• _THE TASK_: This exercise asks for an exact copy of the lines from the one containing "Gold Wavy Duvar Objesi 41x41x6cm" through the final line of the material, with pictures omitted.

• _INFORMATION PROVIDED_:
==================================================

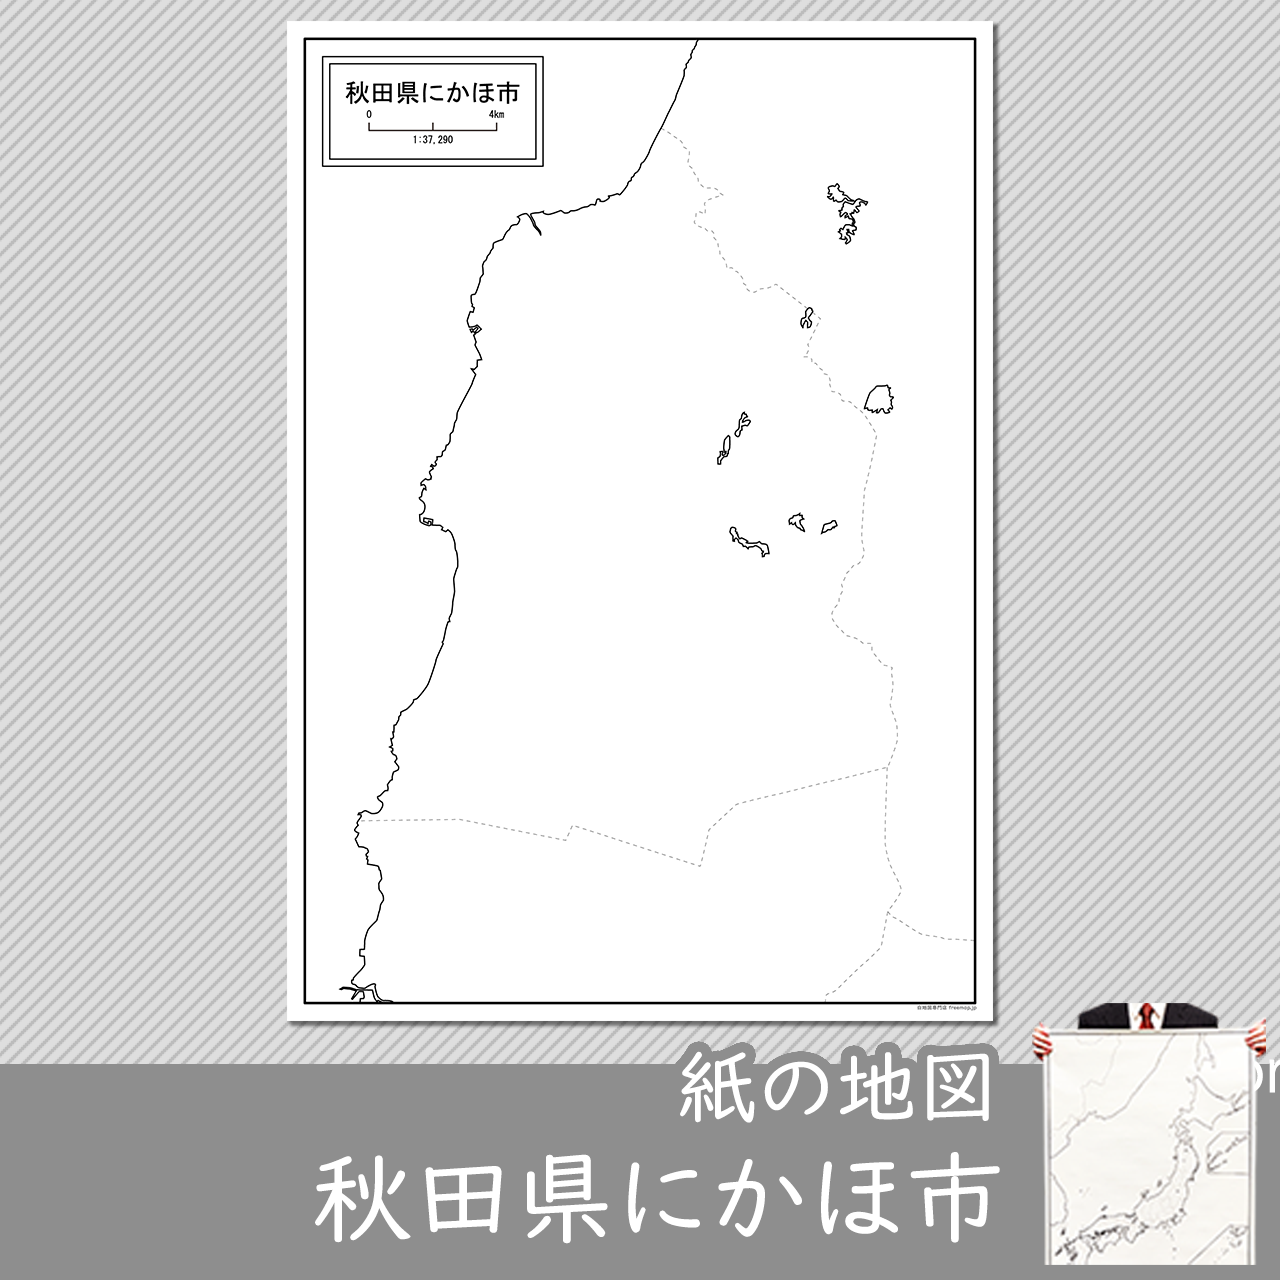 にかほ市の紙の白地図のサムネイル
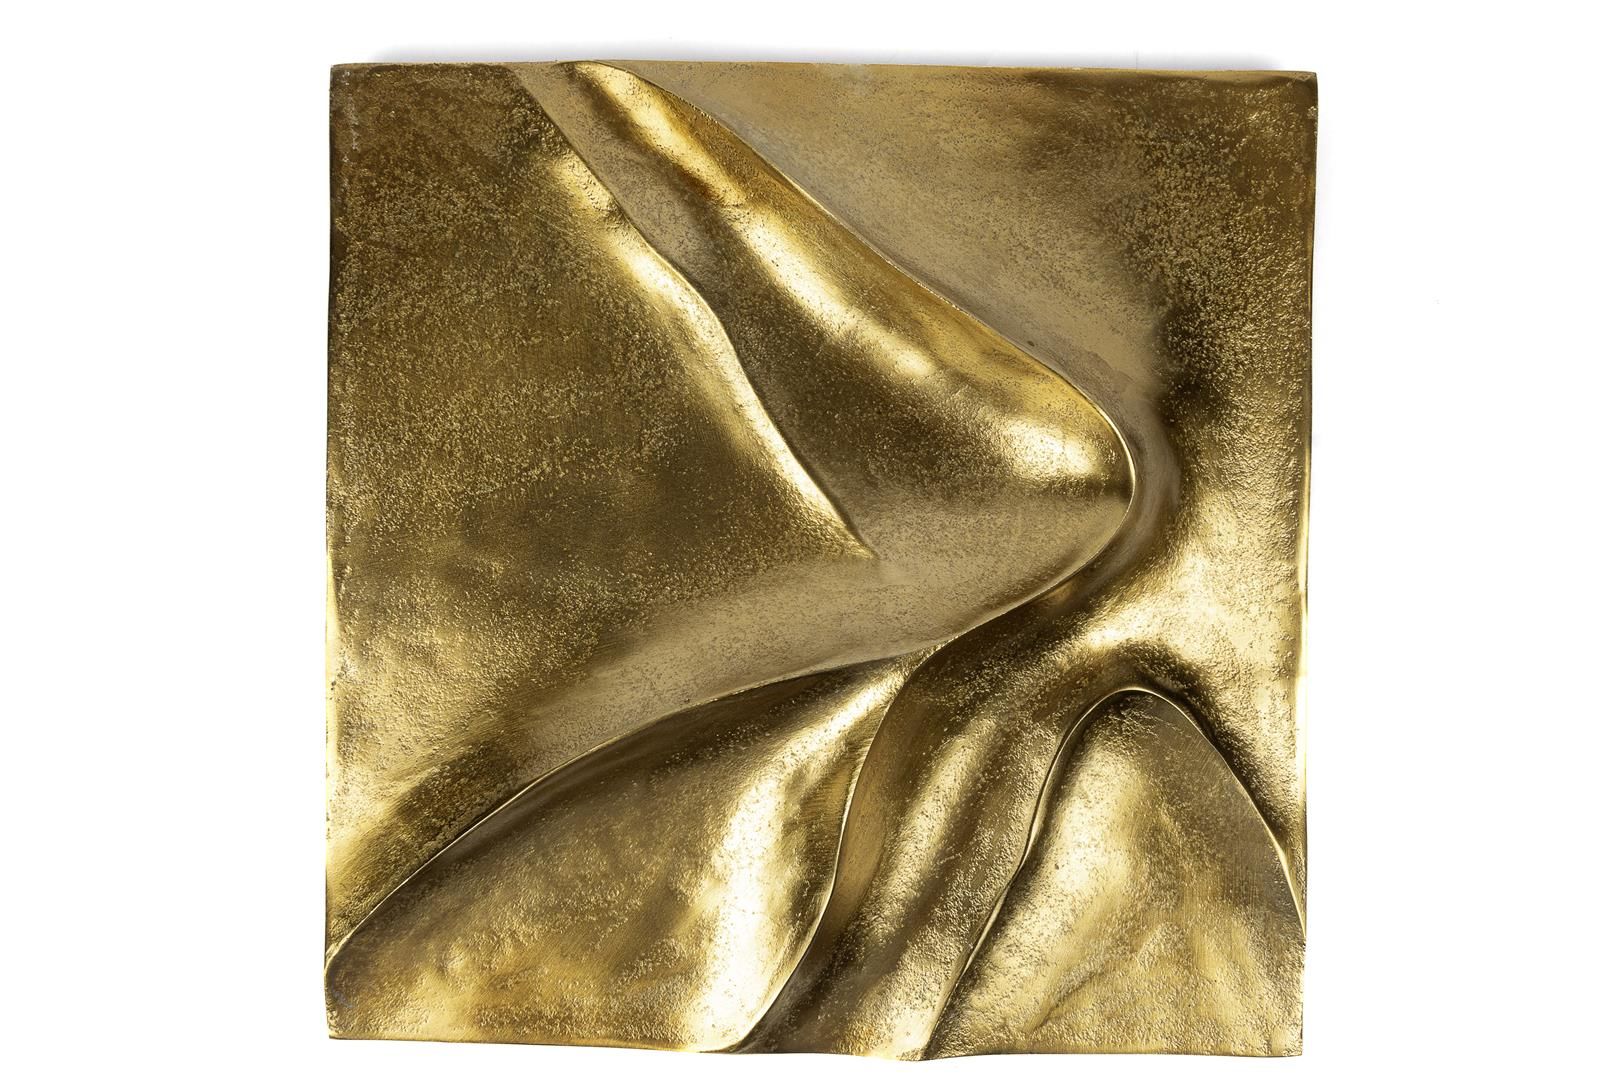 Gold Wavy Duvar Objesi 41x41x6cm
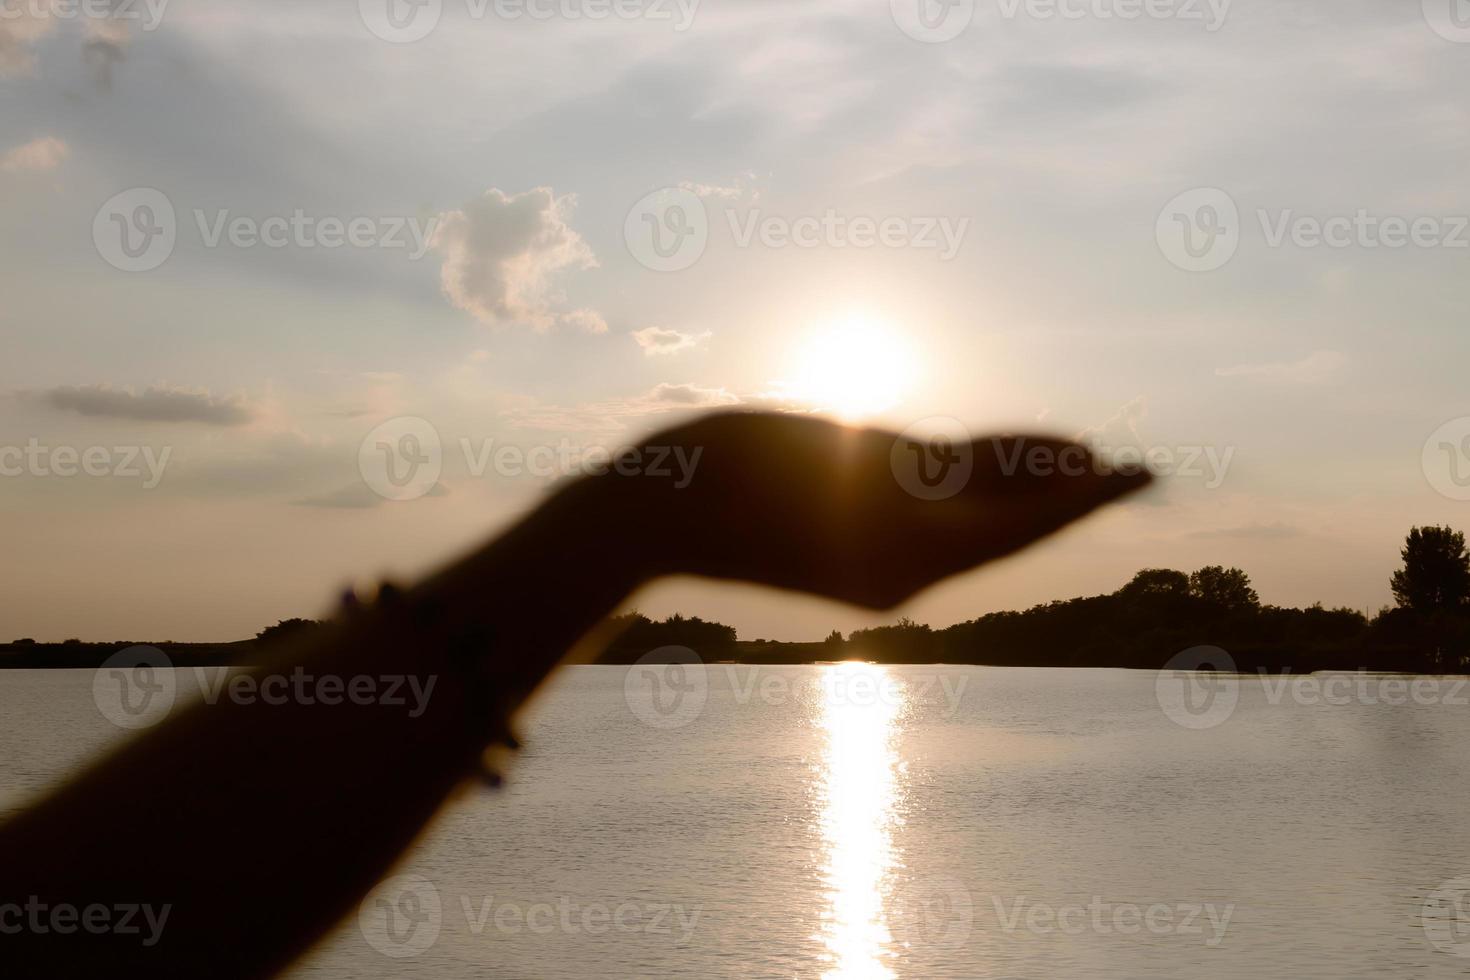 Nahaufnahme einer Frau, die bei Sonnenuntergang die Sonne in der Hand hält. foto

==================================================

• _PROBLEM SOLUTION_:
 Gold Wavy Duvar Objesi 41x41x6cm
 Nahaufnahme einer Frau, die bei Sonnenuntergang die Sonne in der Hand hält. foto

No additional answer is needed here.